START DATA SEGMENT

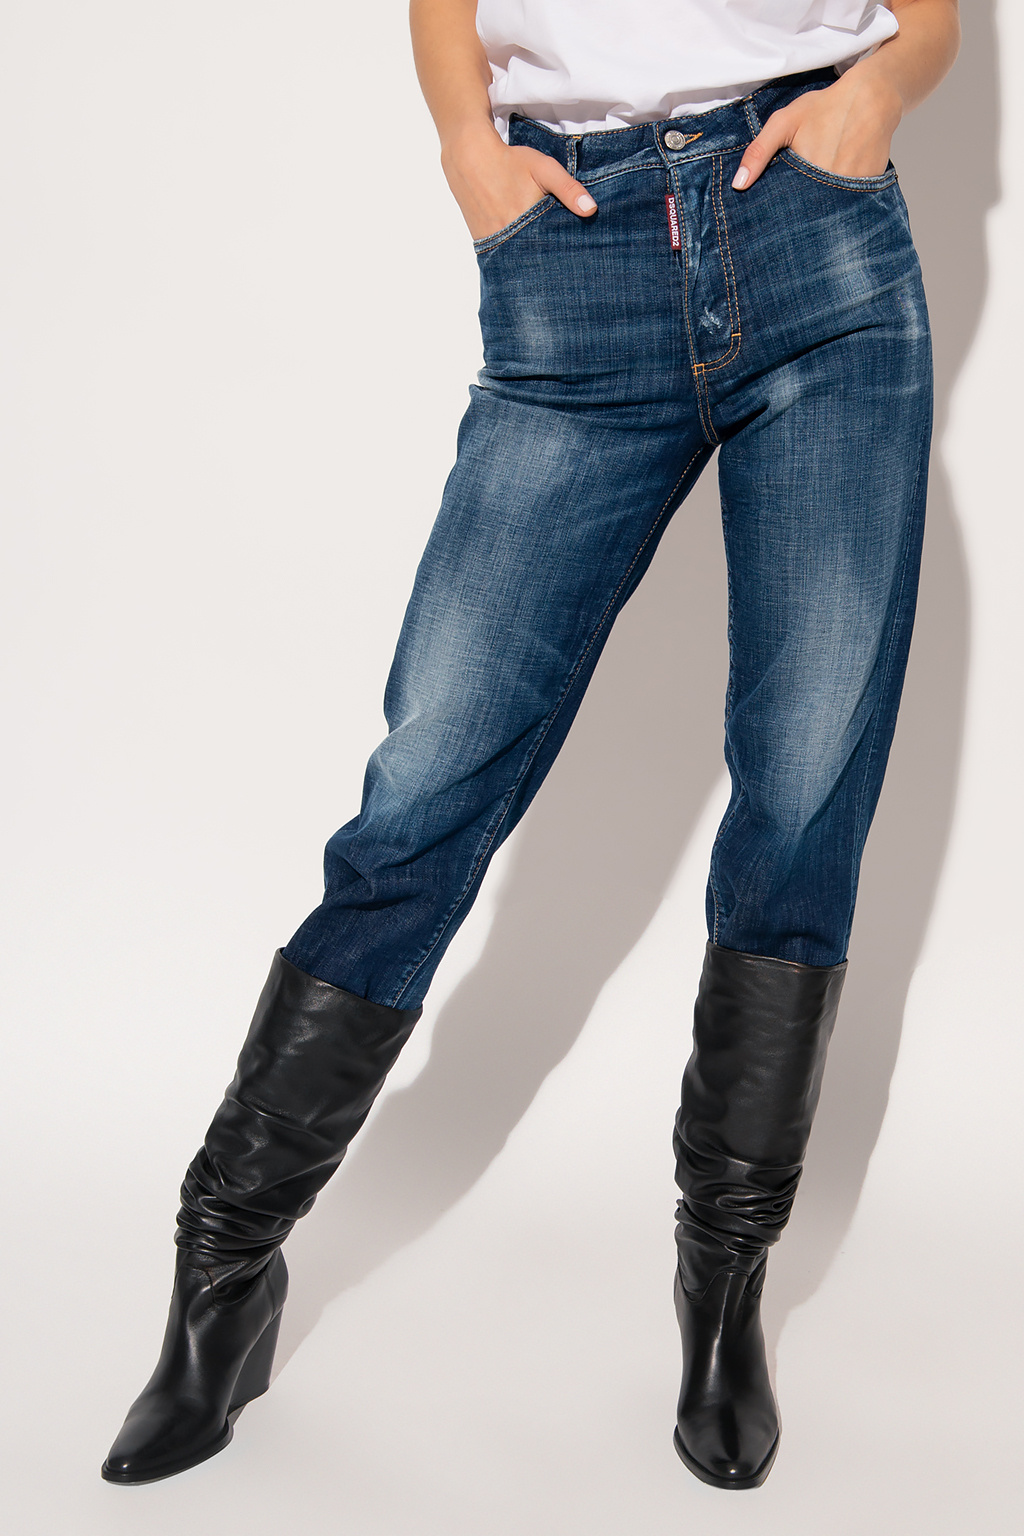 Dsquared2 'Boston' jeans | Women's Clothing | Vitkac
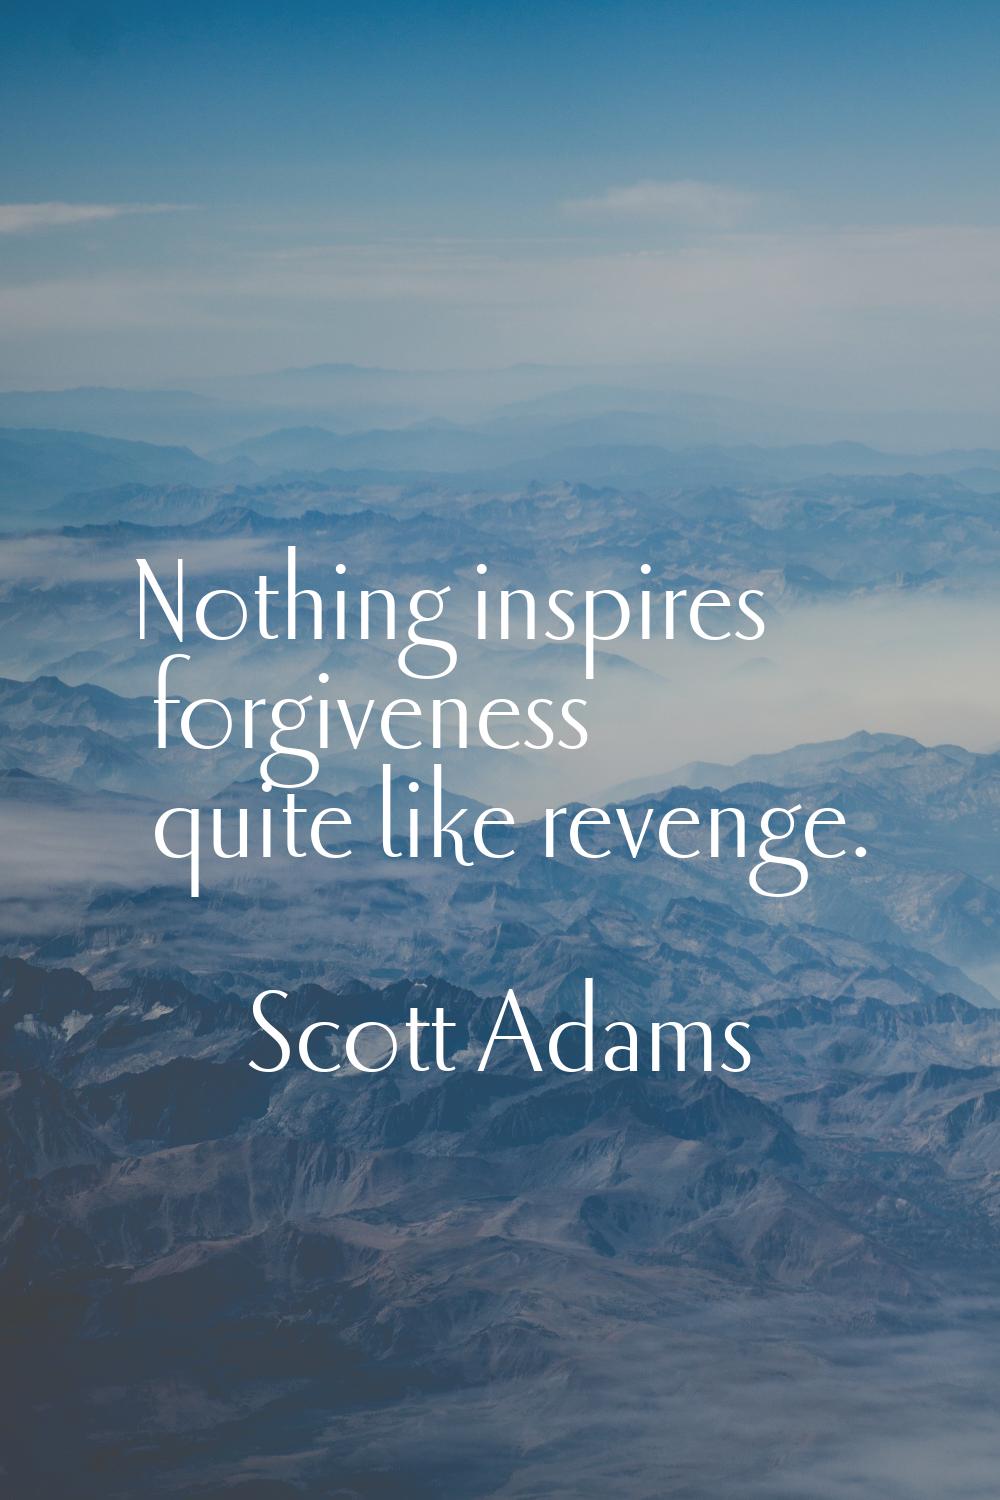 Nothing inspires forgiveness quite like revenge.
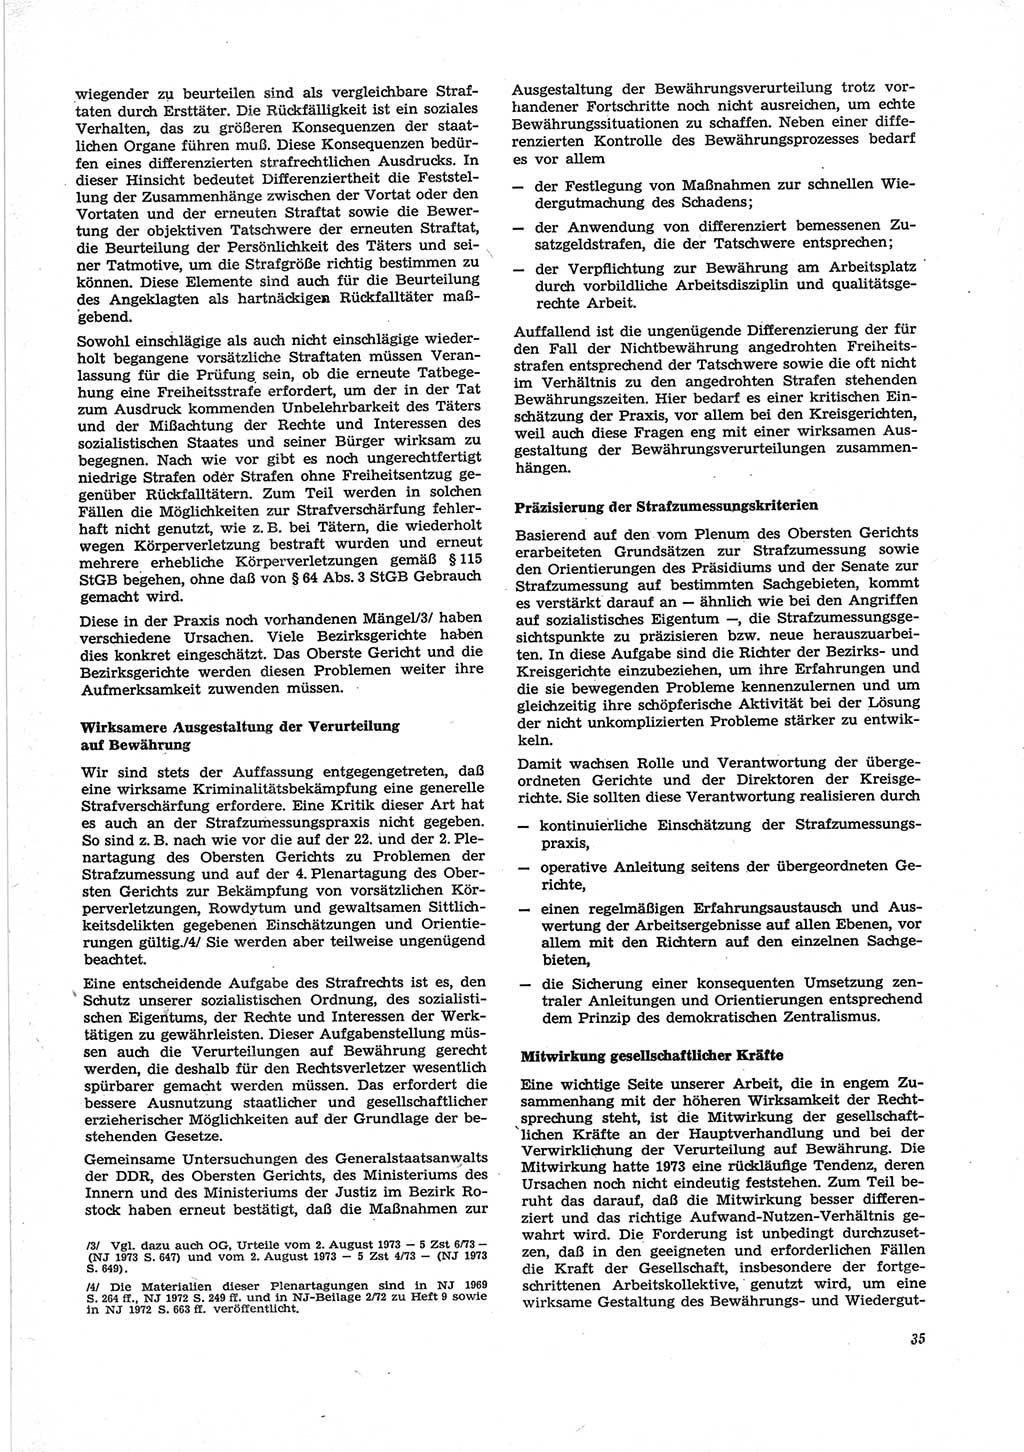 Neue Justiz (NJ), Zeitschrift für Recht und Rechtswissenschaft [Deutsche Demokratische Republik (DDR)], 28. Jahrgang 1974, Seite 35 (NJ DDR 1974, S. 35)

END DATA SEGMENT

- WHAT TO WORK ON
Print the stretch of the data from the line with "Nothing inspires forgiveness" through its last line, exactly and with both ends kept. Omit pictures.

- OUTPUT OF THE EXERCISE
 Nothing inspires forgiveness quite like revenge.
 Neue Justiz (NJ), Zeitschrift für Recht und Rechtswissenschaft [Deutsche Demokratische Republik (DDR)], 28. Jahrgang 1974, Seite 35 (NJ DDR 1974, S. 35)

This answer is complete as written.